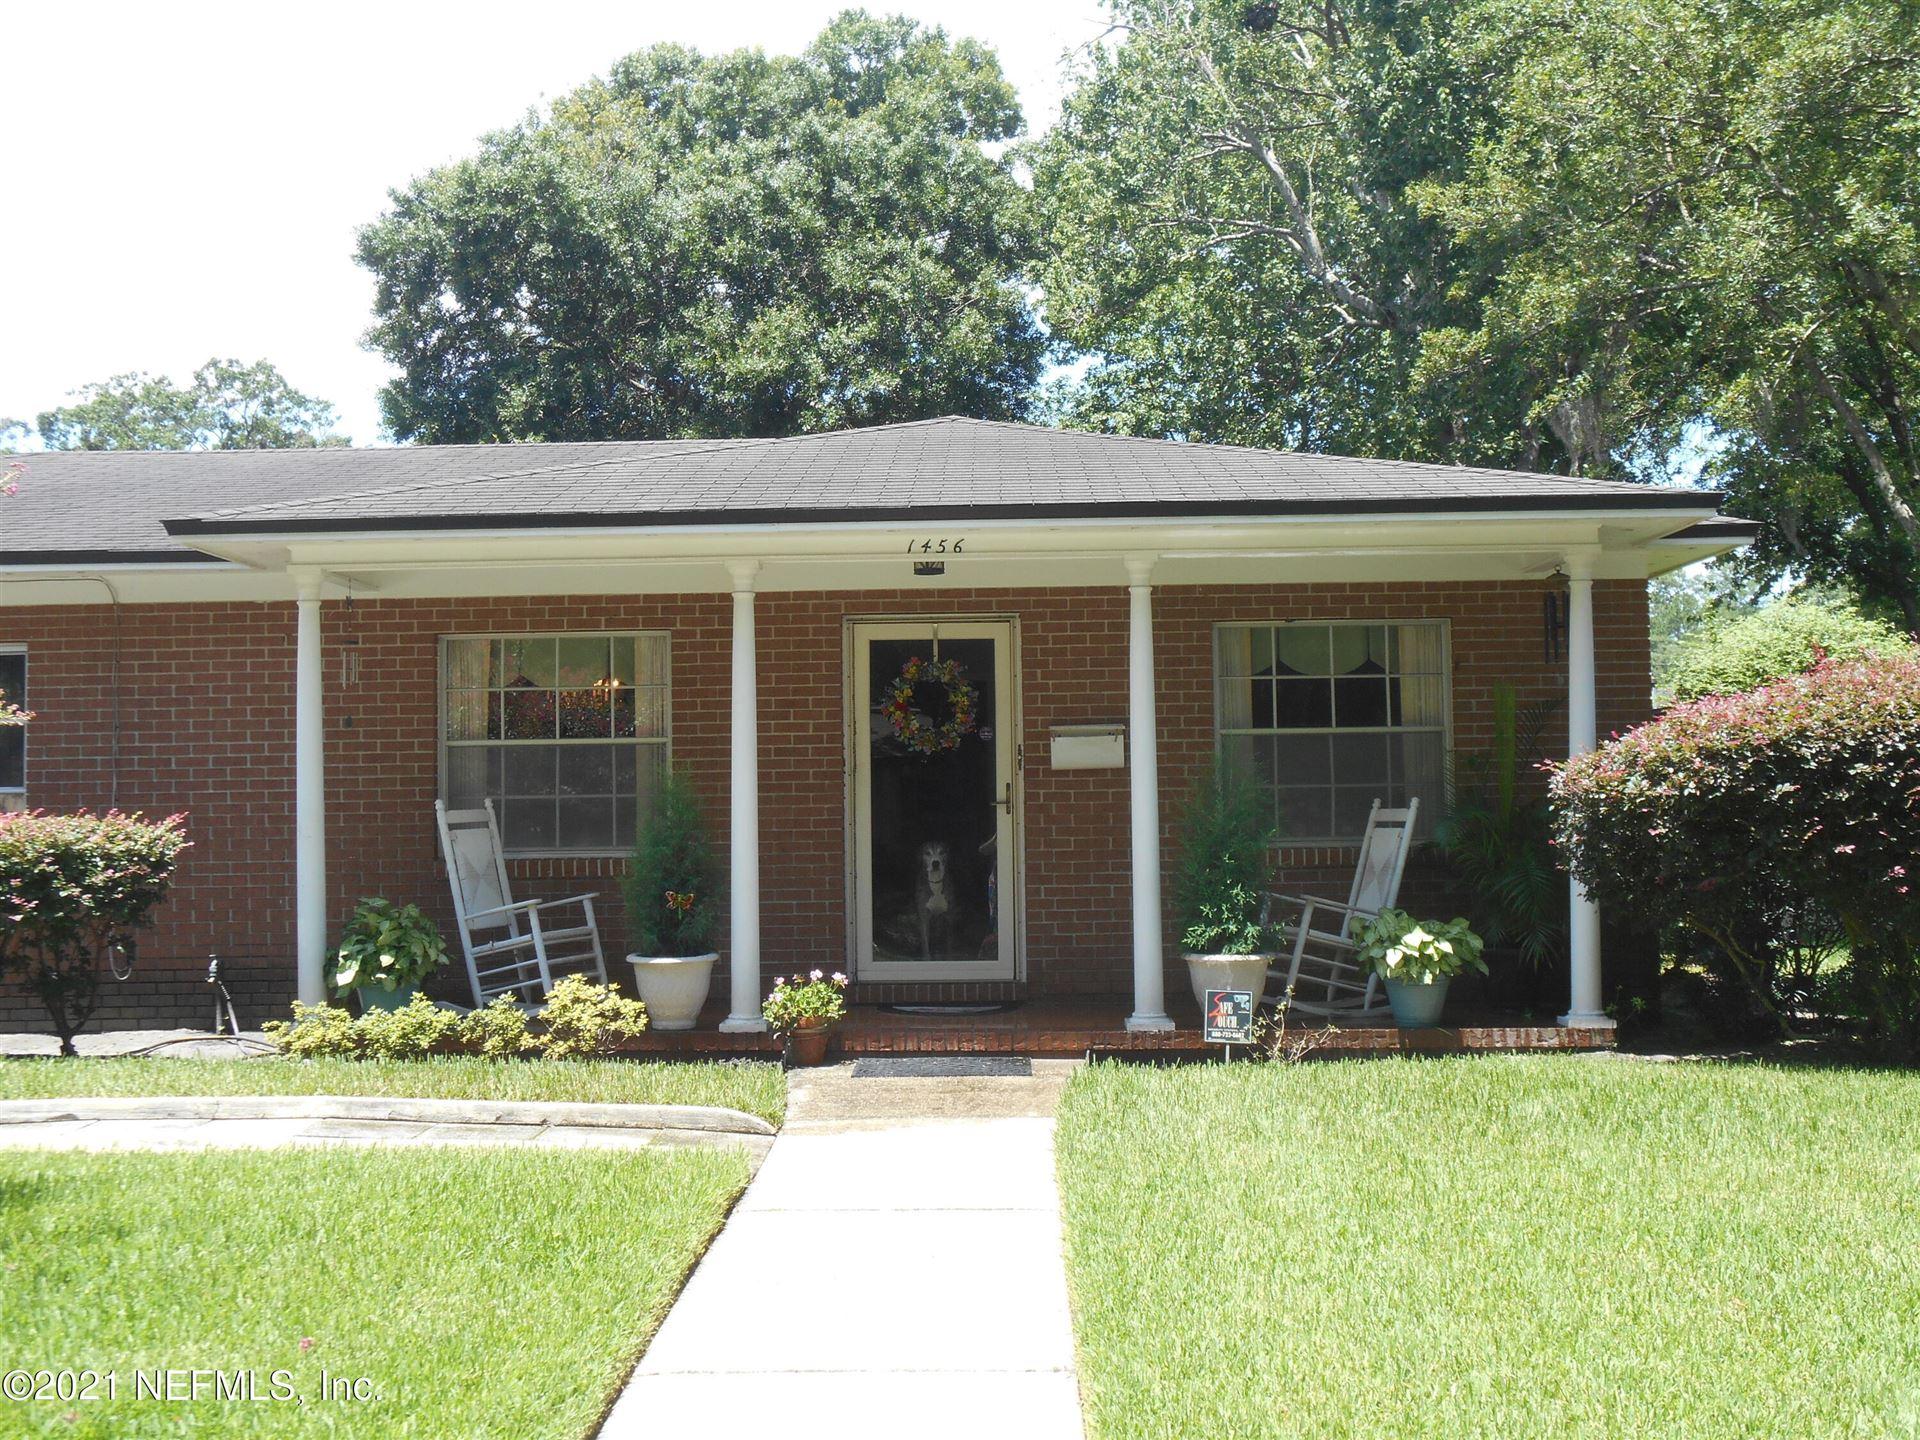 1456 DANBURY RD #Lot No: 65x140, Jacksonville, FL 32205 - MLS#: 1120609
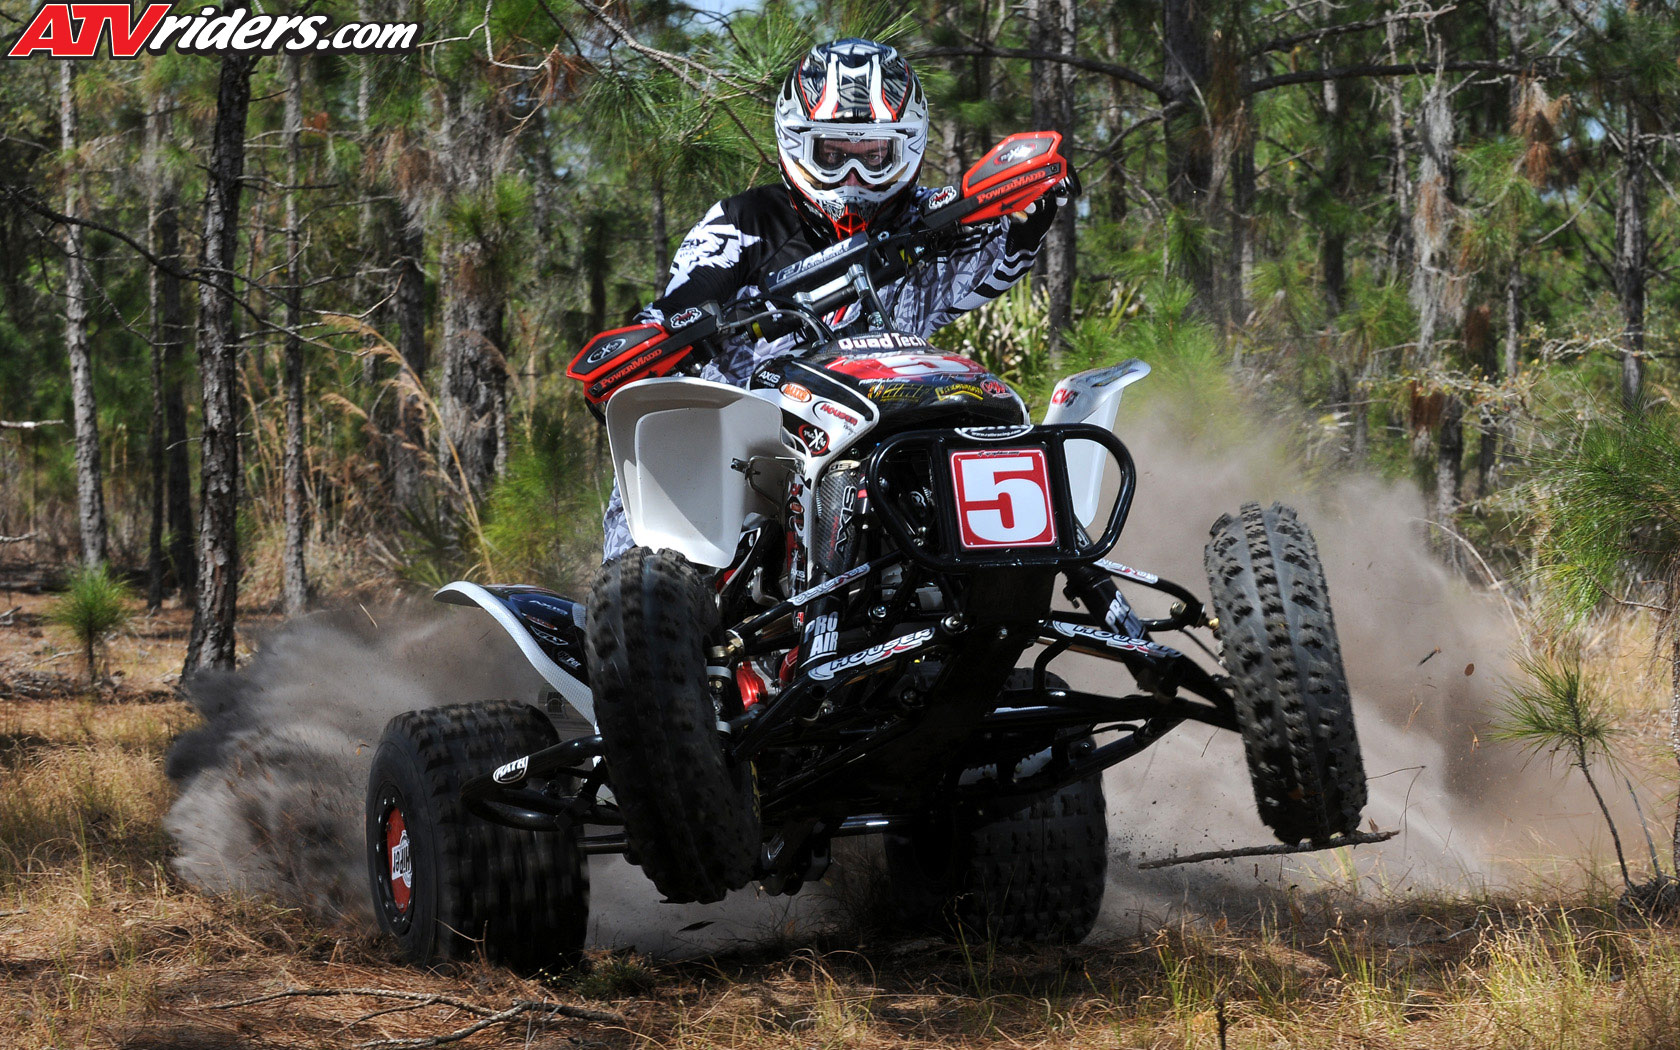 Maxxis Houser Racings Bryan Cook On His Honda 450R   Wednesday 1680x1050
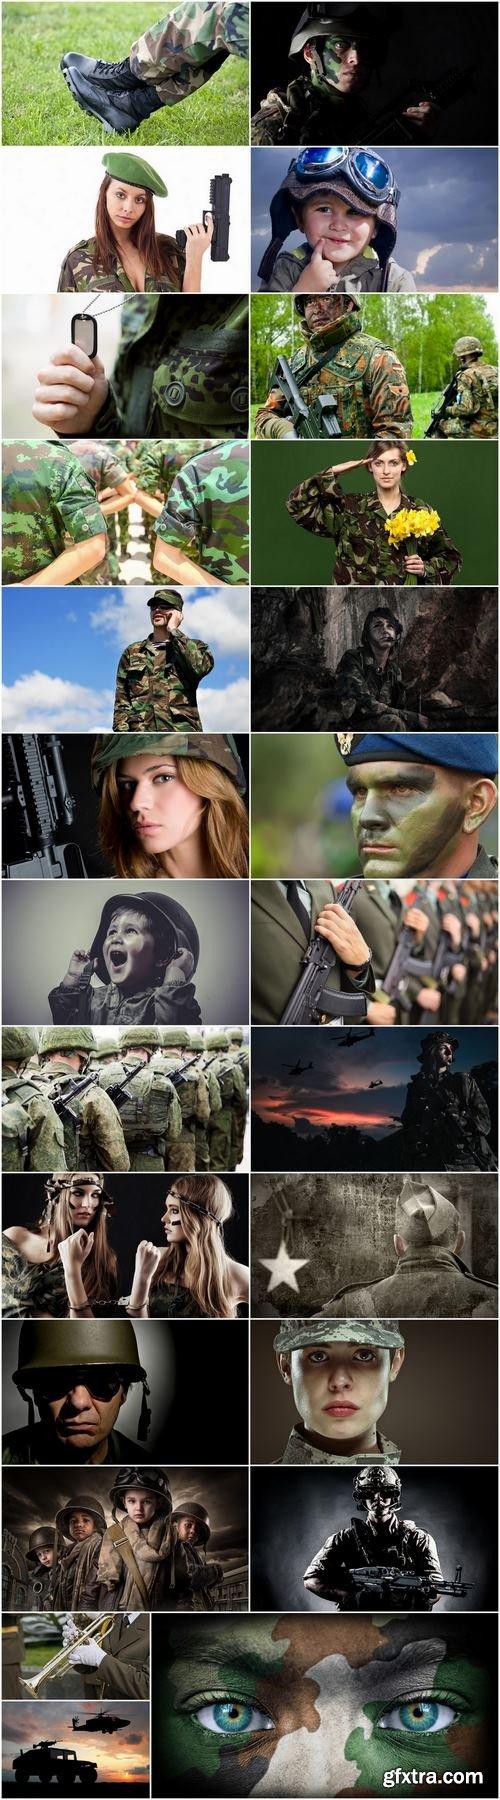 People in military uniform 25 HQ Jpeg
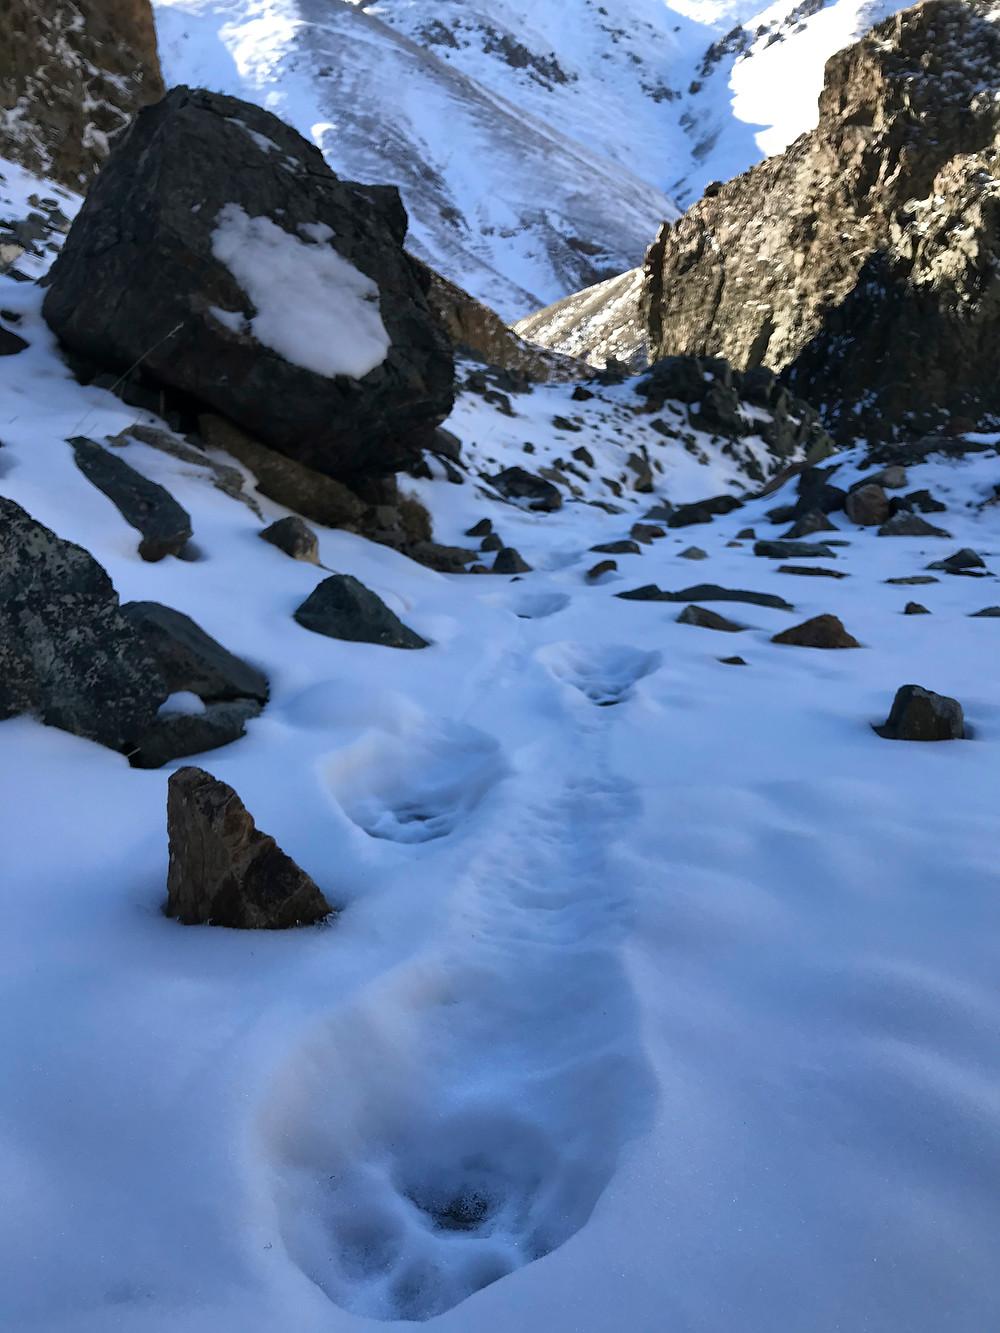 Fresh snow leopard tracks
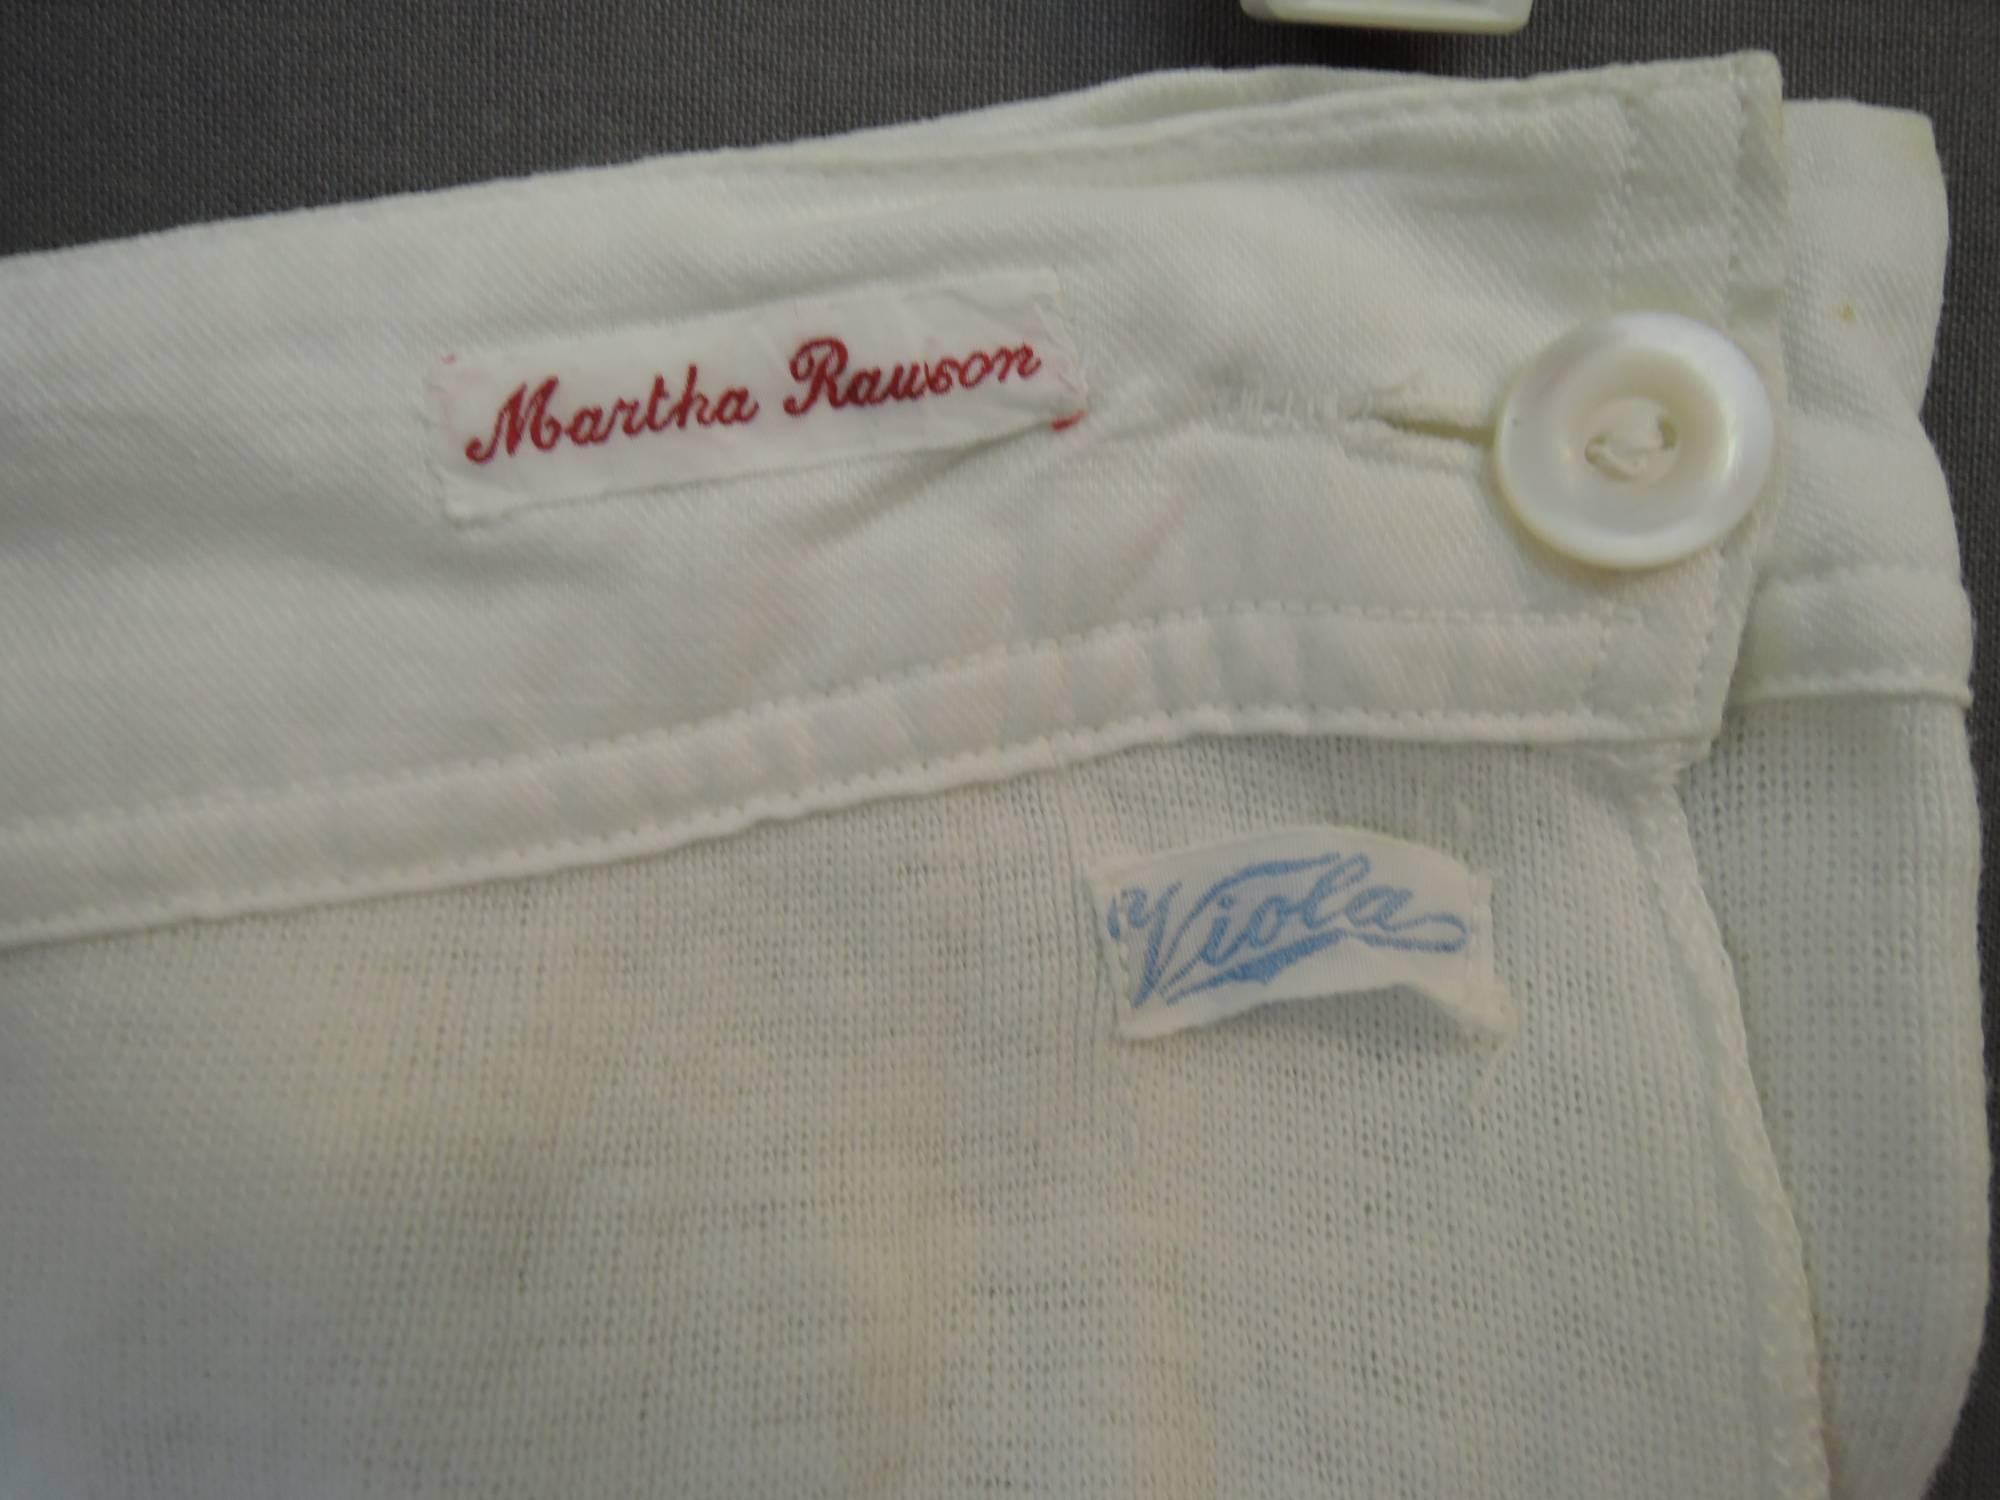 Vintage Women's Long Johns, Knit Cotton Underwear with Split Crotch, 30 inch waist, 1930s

| Exercise brief |
Would you output, word for word, only the lines running from the line with "Maxxis Houser Racings" to the end of the listing above, both ends included, with no pictures?

| Exercise solution |
 Maxxis Houser Racings Bryan Cook On His Honda 450R   Wednesday 1680x1050
 People in military uniform 25 HQ Jpeg
 Fresh snow leopard tracks
 Vintage Women's Long Johns, Knit Cotton Underwear with Split Crotch, 30 inch waist, 1930s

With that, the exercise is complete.